84 e ágatas de variadas cores, também havia sido confeccionado na mansão do alto

85 e com diamantes, haviam sido floreadas suas costuras.

86 E a imagem do Rei dos reis estava pintada em todo ele,

87 e também com as safiras rutilavam suas cores.

88 E novamente vi que todo ele se agitava pelo movimento de meu conhecimento

89 e como se prepara-se para falar o vi.

90 Ouvi o som do canto que recitava ao descer,

91 dizendo: “Sou o mais dedicado dos servidores que se puseram a serviço de meu Pai,

92 e também percebi em mim que minha estatura crescia conforme a seus trabalhos”.

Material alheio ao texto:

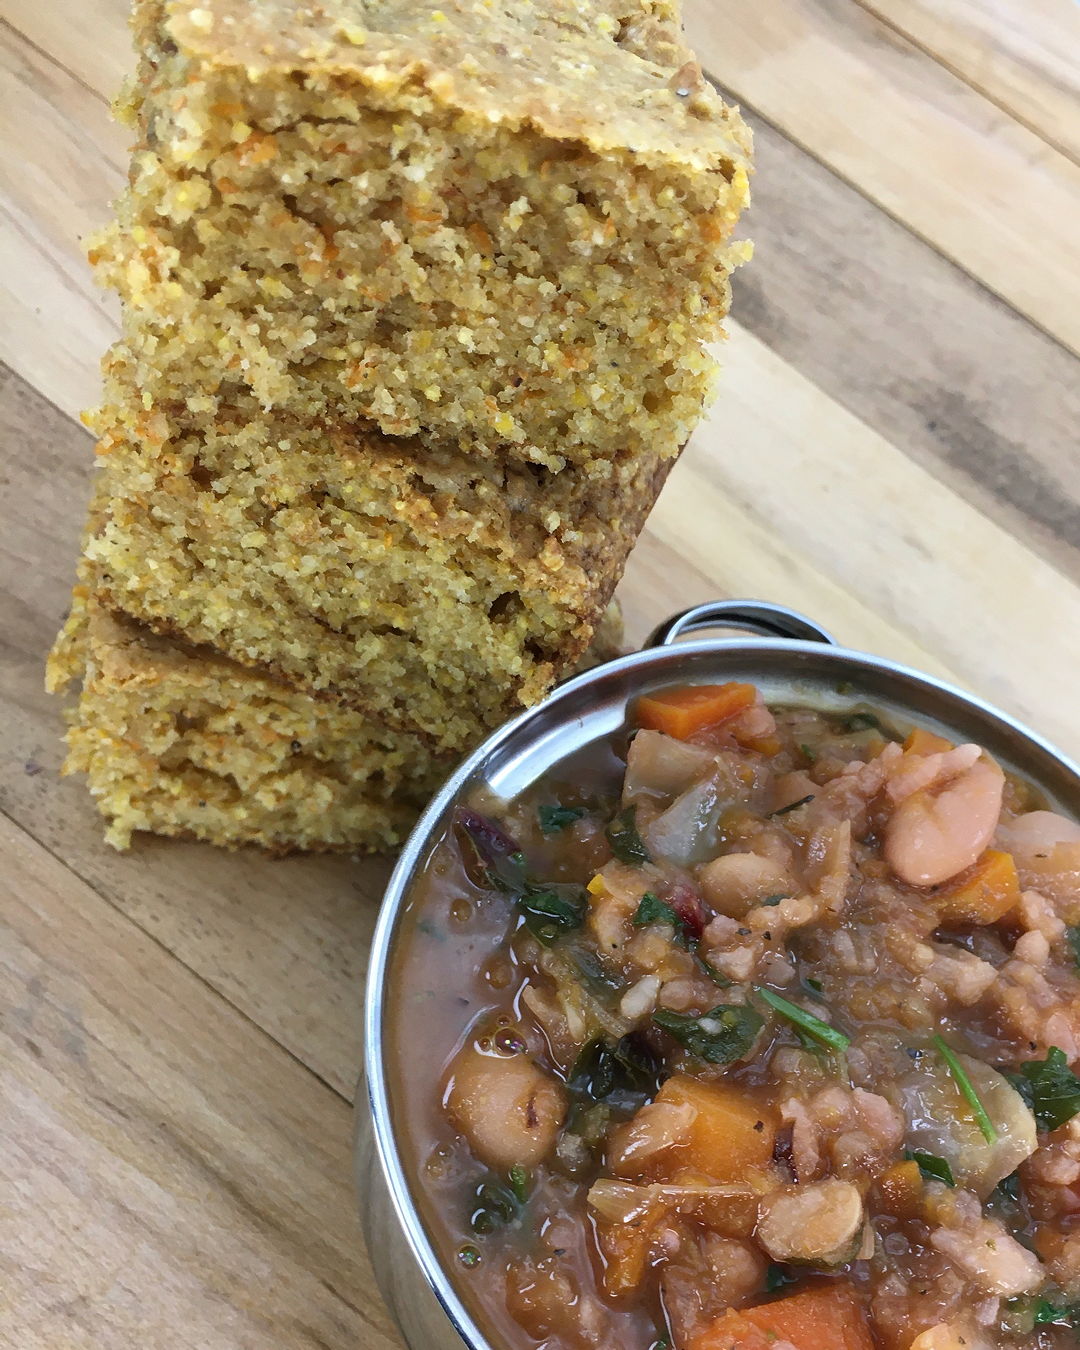 three pieces of cornbread piled atop each other and next to a small tureen of minestrone soup

93 E em seus movimentos reais se estendeu em direção a mim,

94 e das mãos de seus portadores e incitou a tomá-lo.

95 E também meu amor me urgia para que corresse a seu encontro e o tomasse,

96 e assim o recebi e com a beleza de suas cores me adornei.

97 E minha toga de cores brilhantes me envolveu todo inteiro,

98 e me vesti e ascendi em direção à porta da saudação e da homenagem;

99 inclinei a cabeça e rendi homenagem à Majestade de meu Pai que o havia enviado até mim,

100 porque havia cumprido seus mandamentos e ele também havia cumprido sua promessa,

101 e à porta de seus príncipes, me mesclei com seus nobres;

102 pois se regozijou por mim e me recebeu, e fui com ele em seu reino.

103 E com a voz da oração todos seus servos o glorificaram.

104 E me prometeu que também até a porta do Rei dos reis iria com ele,

105 e levando meu obséquio e minha pérola aparecia com ele diante de nosso Rei.

Um comentário sobre “Hino da Pérola

  1. Que lindo, me fez lembrar: “A queda adâmica… o céu e o inferno aqui e agora… a cada momento de desatenção, o anjo é decaído ao plano psicológico ou plano do esquecimento, mas também o plano da possibilidade da lembrança correta” … Rizek APH 1991…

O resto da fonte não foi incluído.